Subjectivity, the Unconscious and Consumerism by Marlon Xavier
Author:Marlon Xavier
Language: eng
Format: epub
ISBN: 9783319968247
Publisher: Springer International Publishing
5.4.5 Consumption as Definer of Existence and the Homo Simulacrum
Thus, more than mere sources of identity and definers of social relations, under a totalizing ImCon, the commodity-sign and the act of consumption become the only foundations of being. As Benson (2000) claims, mutating Descartes’s cogito, I shop therefore I am: shopping (consuming) thus becomes “the basic certainty ” (C. Campbell, 2004, p. 33), guarantee, and guarantor of existence, its immanent principle. The commodity-subject, or commodified self, is thus instituted as the subject of contemporary consumption societies.
Logically, the commodity-subject will mirror the characteristics of the commodity: transient, disposable, superficial, artificial, and so on.

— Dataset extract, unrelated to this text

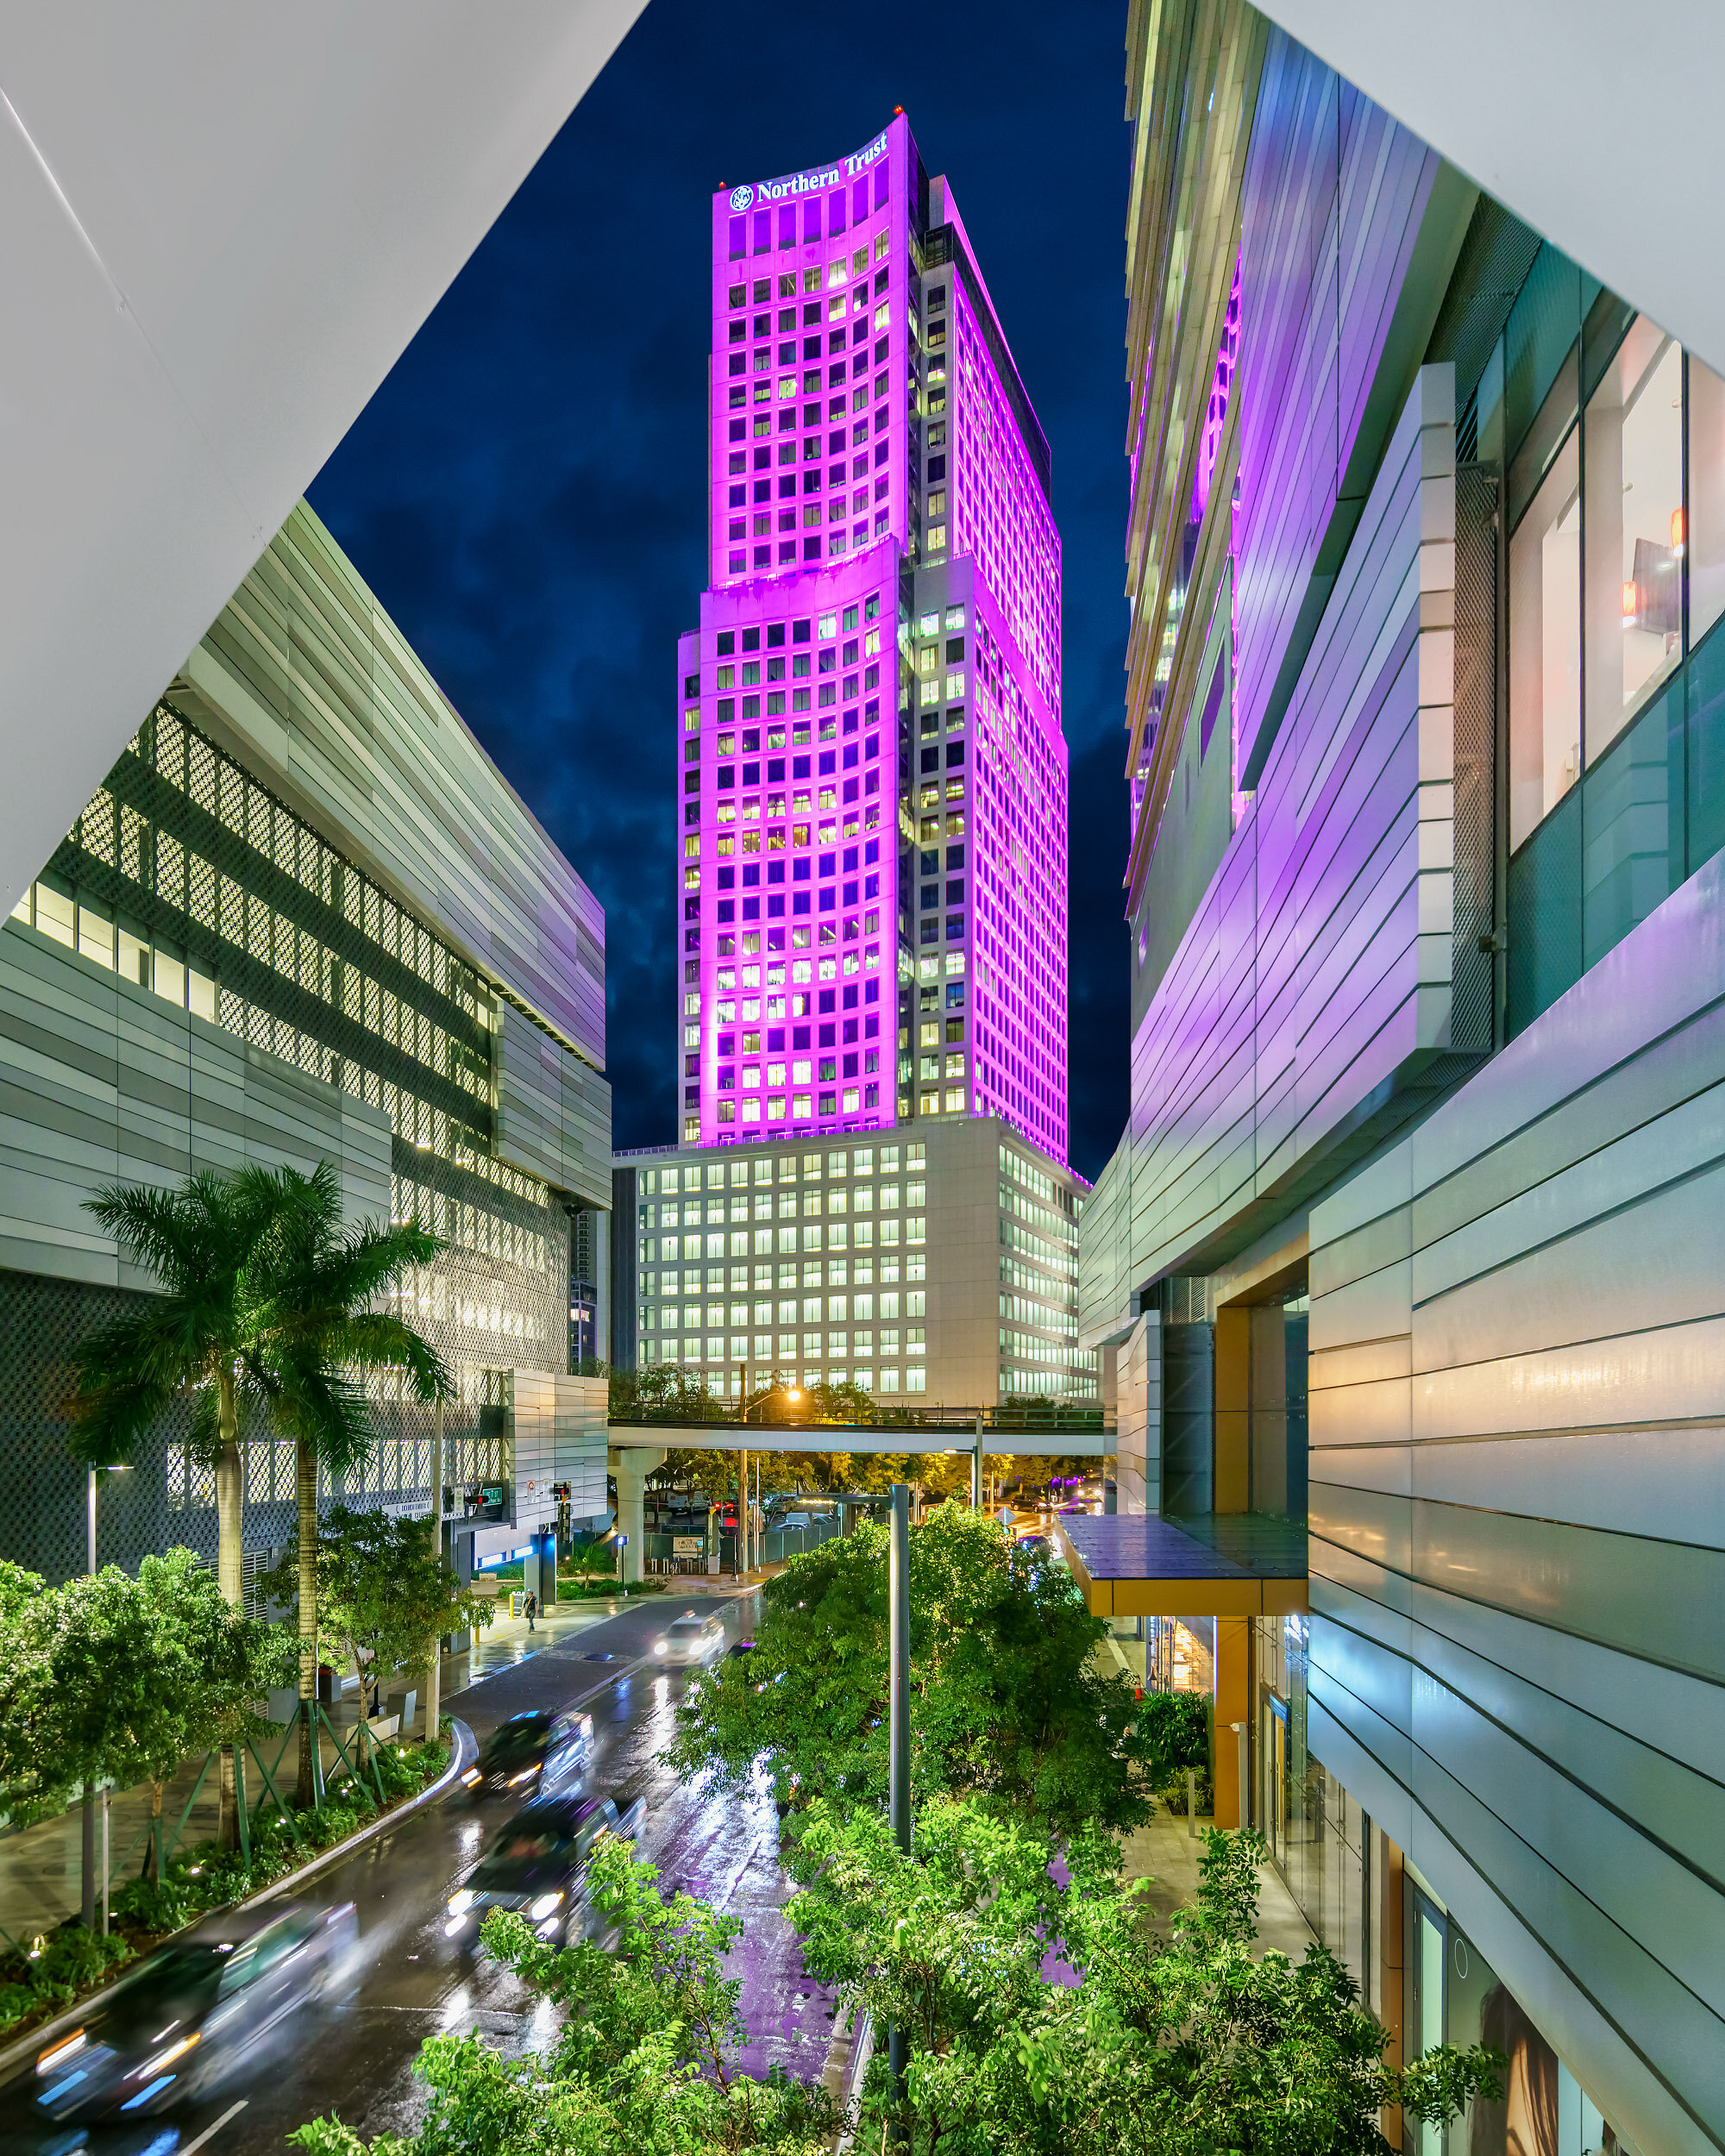 Led is Lit at 600 Brickell

But more than that, as argued in the previous chapter, inasmuch as the subject is formed in identity with the imaginary and becomes identical with its consumption dreams (an idea illustrated by phantasmagoric personae), s/he will resemble an assemblage of unchained signs, disconnected from reality, exchangeable against other signs or commodities . Theoretically, this idea reveals how a cultural mutation (total capitalism-consumerism) is connected to a mutation of imaginaries (from symbolic to semiotic to simulacric); both mutations thus shape a corresponding anthropological mutation: the subject as a (commodity-)sign, turning into a simulacrum.
A parallel process: As culture is dissolved and volatilized into signs to be consumed—and the signs are emancipated from any reality—so is its subject . Baudrillard (1973/1981) mentioned this phenomenon of consumerism in an important passage that in fact summarizes the whole argument of “total colonization” by the ImCon of both reality and subject: “Homology, simultaneity of the ideological operation [of commodification] on the level of psychic structure and social structure” (p. 100).
Here we have homology between commodity-logic and subjectivation: the subject becomes a (commodity-)sign and, as referents disappear (signs become unchained simulacra), the subject turns progressively into a simulacrum. After the advent of homo commoditas, the consumer-commodity, and in line with the process of mimesis with consumption society and its imaginary, this daunting prospective signs a total anthropological mutation: the epiphany of the homo simulacrum.
Under such homology, the prospect is for the subject to be produced, reproduced, exchanged, and circulated as a hyperreal sign, or, put differently, a surface, a one-dimensional persona that is not even a mask but a mere screen for the projections of commodity-imagery. The model more illustrative for such subject is not even the replaceable identikit, but a radicalization of the “personal branding” model: the online avatars, virtual subjectivities instantaneously exchangeable and replaceable, through which the omnipotent dream of being anything and everything (by in fact being nothing) is experienced and consumed. The consumer-commodity thus “becomes a pure screen, a pure absorption and re-absorption surface of the influent networks ” (Baudrillard, 1988, p. 27), a volatile refraction of the ImCon. A bit less hyperbolic, Augé (1999) described it as “the fictional self”:The fictional self, the peak of a fascination which is begun in any relationship exclusive to the image, is a self without relationship and as a result without any basis for identity, liable to be absorbed by the world of images in which it believes it can rediscover and recognise itself.